The daughter of a Moscow lawyer, she was a beautiful girl who first married at 16, to the music director of the Bolshoi, Mamontov. She soon divorced him and married an army officer by the name of Wulfert serving under Grand Duke Mikhail Romanov, (1878-1914) brother of Tsar Nicholas II.

Natalia was eighteen years old when she met Grand Duke Mikhail Romanov and it was said as love at to be love at first sight for both parties. They soon became lovers, and the Grand Duke wrote to his brother the Tsar, as required, requesting his permission for them to marry. Not only because Natalia was divorced but also because she was not of Royal blood, the Tsar refused.

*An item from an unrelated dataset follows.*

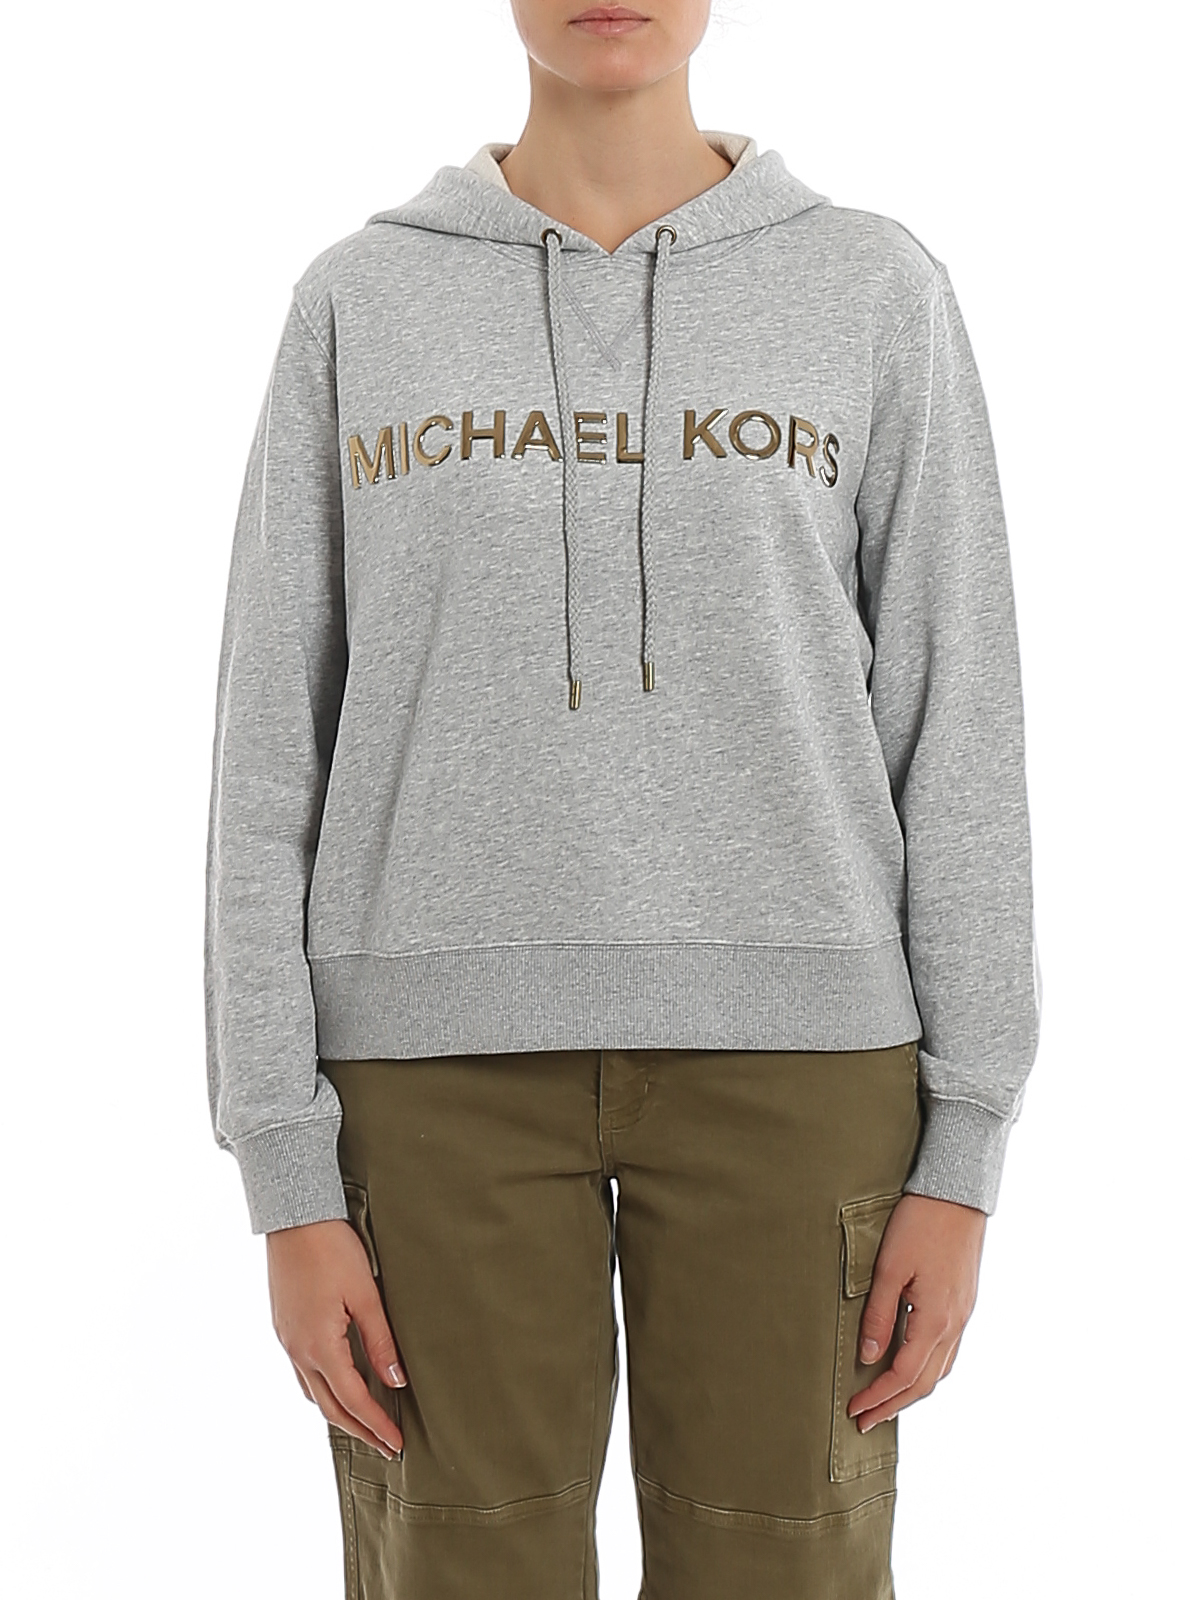 Michael Kors - Relief logo hoodie

For some time Grand Duke Mikhail lived with Natalia and she gave birth to a son, Georgi on July 24, 1910. She and her Mikhail were then exiled to Austria in disgrace.

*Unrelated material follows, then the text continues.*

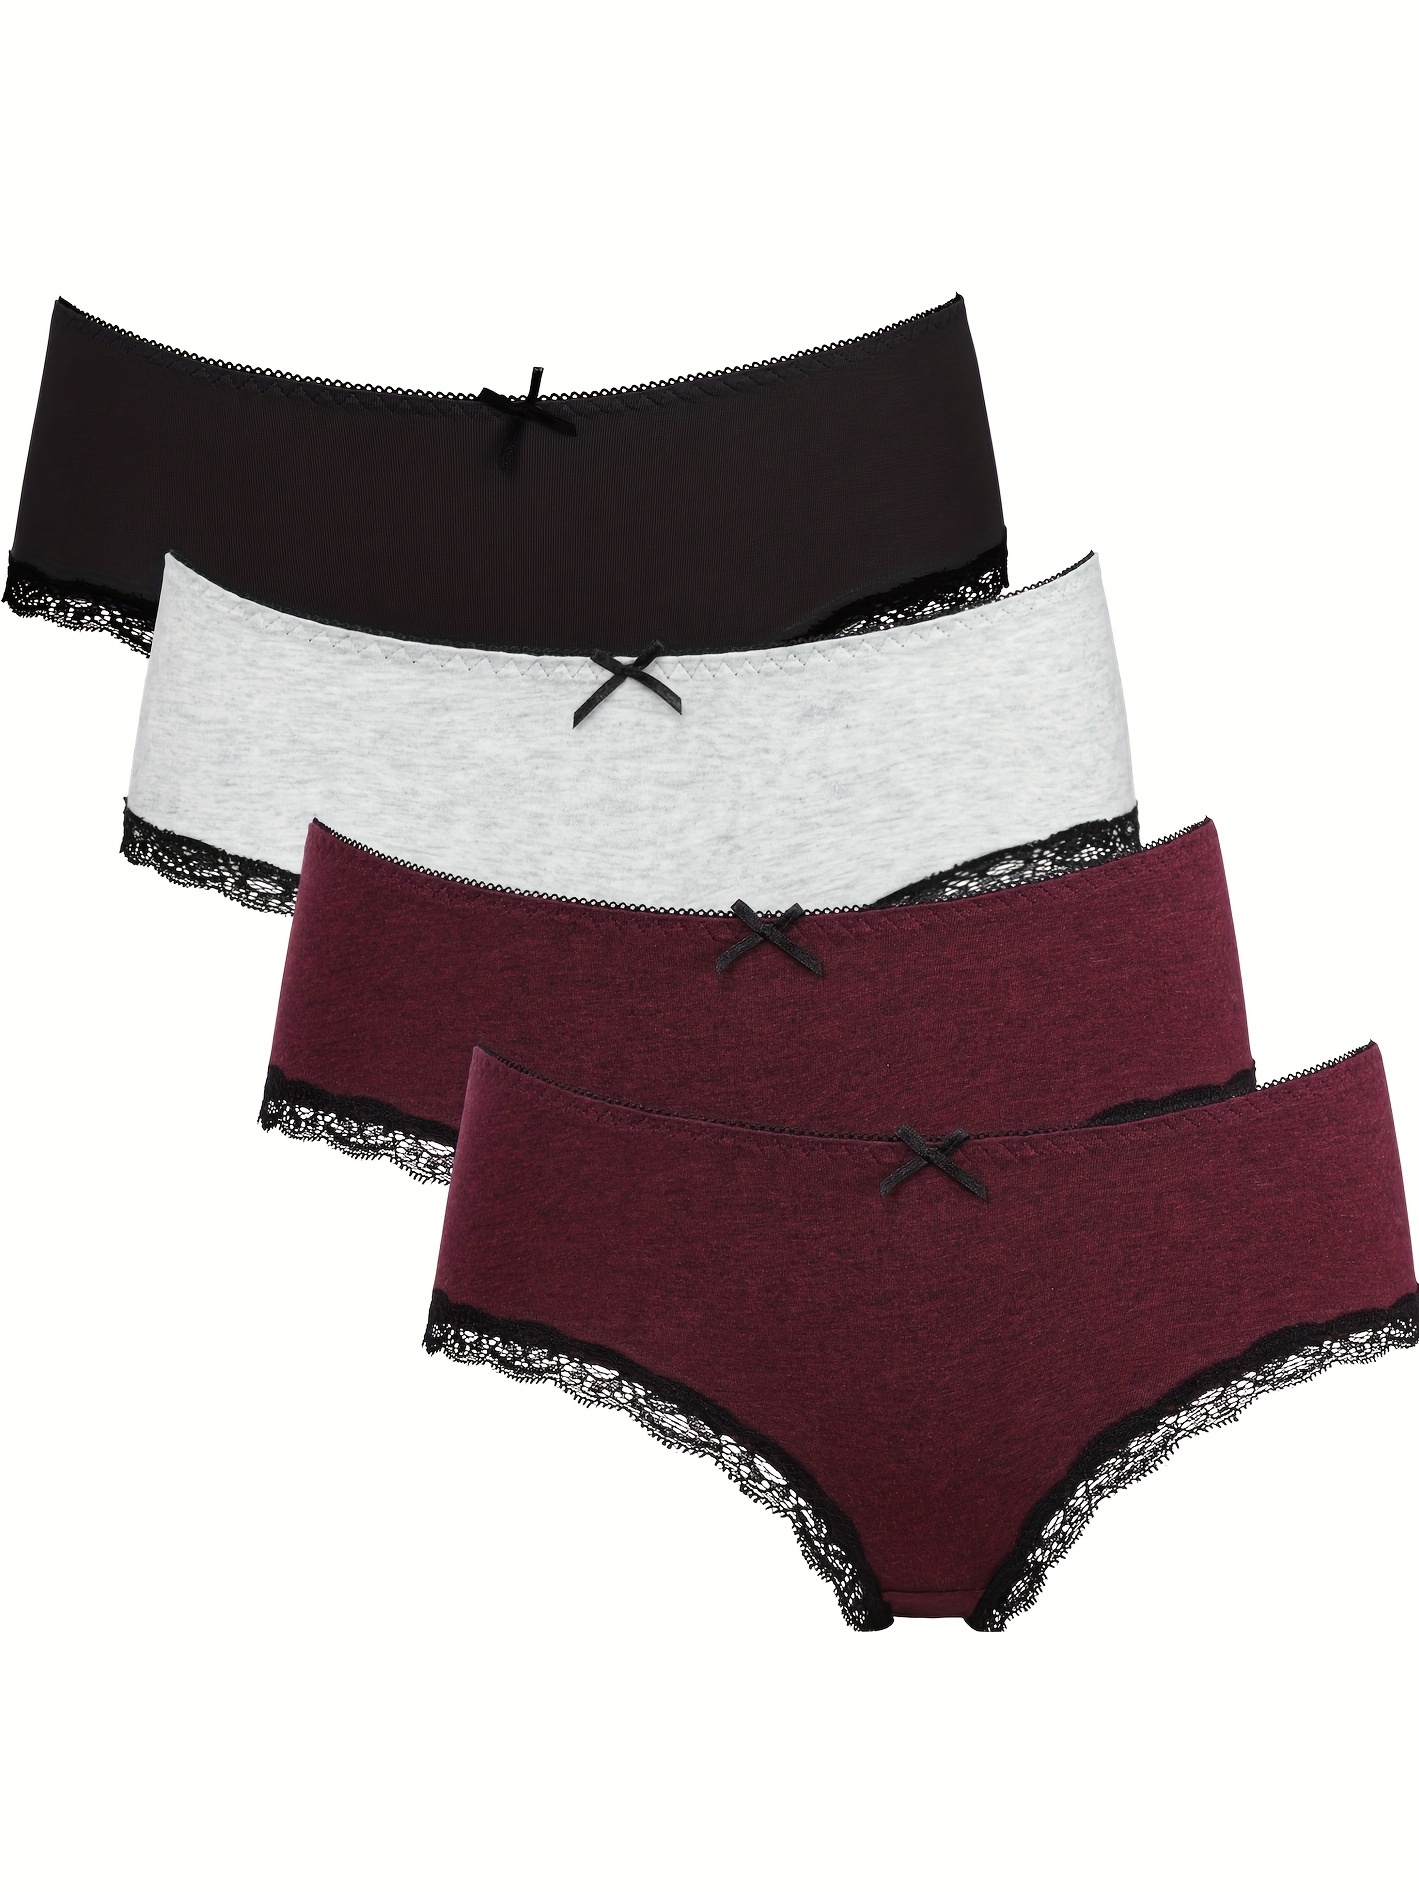 Women Underpants Lace Cotton 4PCS Soft Hollow Brief Panty Hipster Underwear

Eventually Mikhail ignored his brother’s decree and in a great love story, secretly married Natalia in Vienna on October 15, 1911 in a Serbian Orthodox Church. The significance of the venue was that this marriage could not be put aside by Tsar Nicholas or the Russian Orthodox church.

In March 1917 Grand Duke Mikhail refused to succeed his brother Nicholas after he abdicated as as Tsar. Natalia obeyed her husband’s order and escaped from Russia with a Danish passport, disguised as a Red Cross nurse and in July 1918 her husband was murdered in Perm, by the Cheka.

Natalia Romanov died in Paris on January 26, 1952 and is buried in Cimetière de Passy, Paris, France with their only son Georgi Romanov (Prince Brassov) who was killed in an automobile accident on July 22, 1931.